Efficacy and long-term safety of CRISPR/Cas9 genome editing in the SOD1-linked mouse models of ALS

Han Xiang Deng; Hong Zhai; Yong Shi; Guoxiang Liu; Jessica Lowry; Bin Liu; Éanna B. Ryan; Jianhua Yan; Yi Yang; Nigel Zhang; Zhihua Yang; Erdong Liu; Yongchao C. Ma; Teepu Siddique

doi:10.1038/s42003-021-01942-4

Efficacy and long-term safety of CRISPR/Cas9 genome editing in the SOD1-linked mouse models of ALS

Han Xiang Deng^*, Hong Zhai, Yong Shi, Guoxiang Liu, Jessica Lowry, Bin Liu, Éanna B. Ryan, Jianhua Yan, Yi Yang, Nigel Zhang, Zhihua Yang, Erdong Liu, Yongchao C. Ma, Teepu Siddique

^*Corresponding author for this work

Research output: Contribution to journal › Article › peer-review

18 Scopus citations

Abstract

CRISPR/Cas9-mediated genome editing provides potential for therapeutic development.
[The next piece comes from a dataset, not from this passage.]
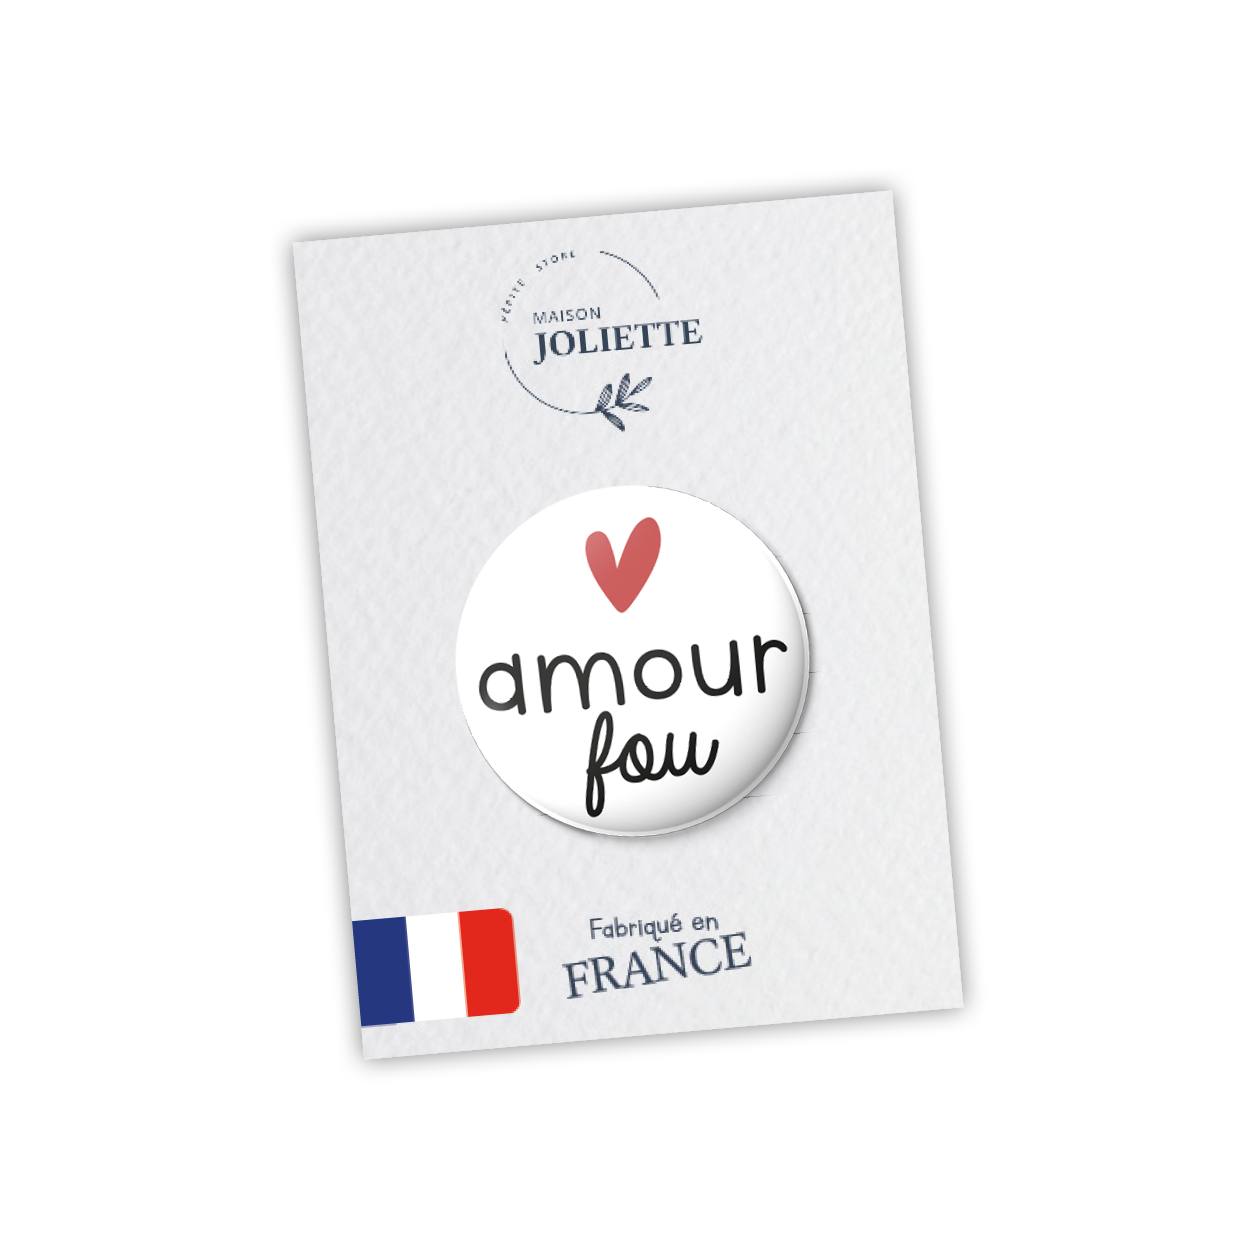 Amour fou - Magnet #33
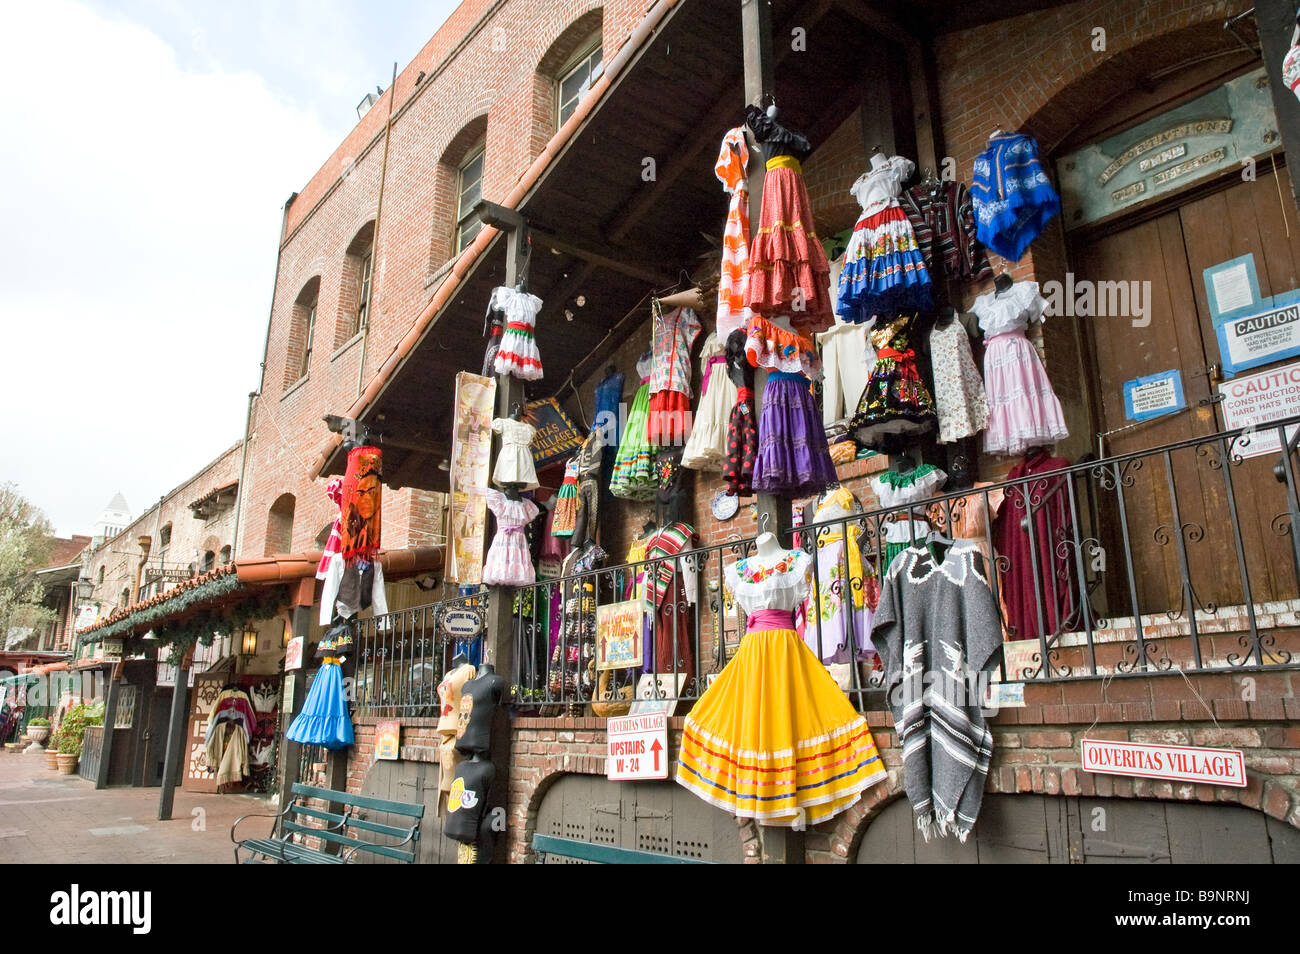 One of the merchants of Olvera Street displaying their wares; Latin themed clothing and accessories Stock Photo

Efficacy and long-term safety represent major concerns that remain to be adequately addressed in preclinical studies. Here we show that CRISPR/Cas9-mediated genome editing in two distinct SOD1-amyotrophic lateral sclerosis (ALS) transgenic mouse models prevented the development of ALS-like disease and pathology. The disease-linked transgene was effectively edited, with rare off-target editing events. We observed frequent large DNA deletions, ranging from a few hundred to several thousand base pairs. We determined that these large deletions were mediated by proximate identical sequences in Alu elements. No evidence of other diseases was observed beyond 2 years of age in these genome edited mice. Our data provide preclinical evidence of the efficacy and long-term safety of the CRISPR/Cas9 therapeutic approach. Moreover, the molecular mechanism of proximate identical sequences-mediated recombination provides mechanistic information to optimize therapeutic targeting design, and to avoid or minimize unintended and potentially deleterious recombination events.

Original language	English (US)
Article number	396
Journal	Communications Biology
Volume	4
Issue number	1
DOIs	https://doi.org/10.1038/s42003-021-01942-4
State	Published - Dec 2021

ASJC Scopus subject areas

Agricultural and Biological Sciences(all)
Biochemistry, Genetics and Molecular Biology(all)
Medicine (miscellaneous)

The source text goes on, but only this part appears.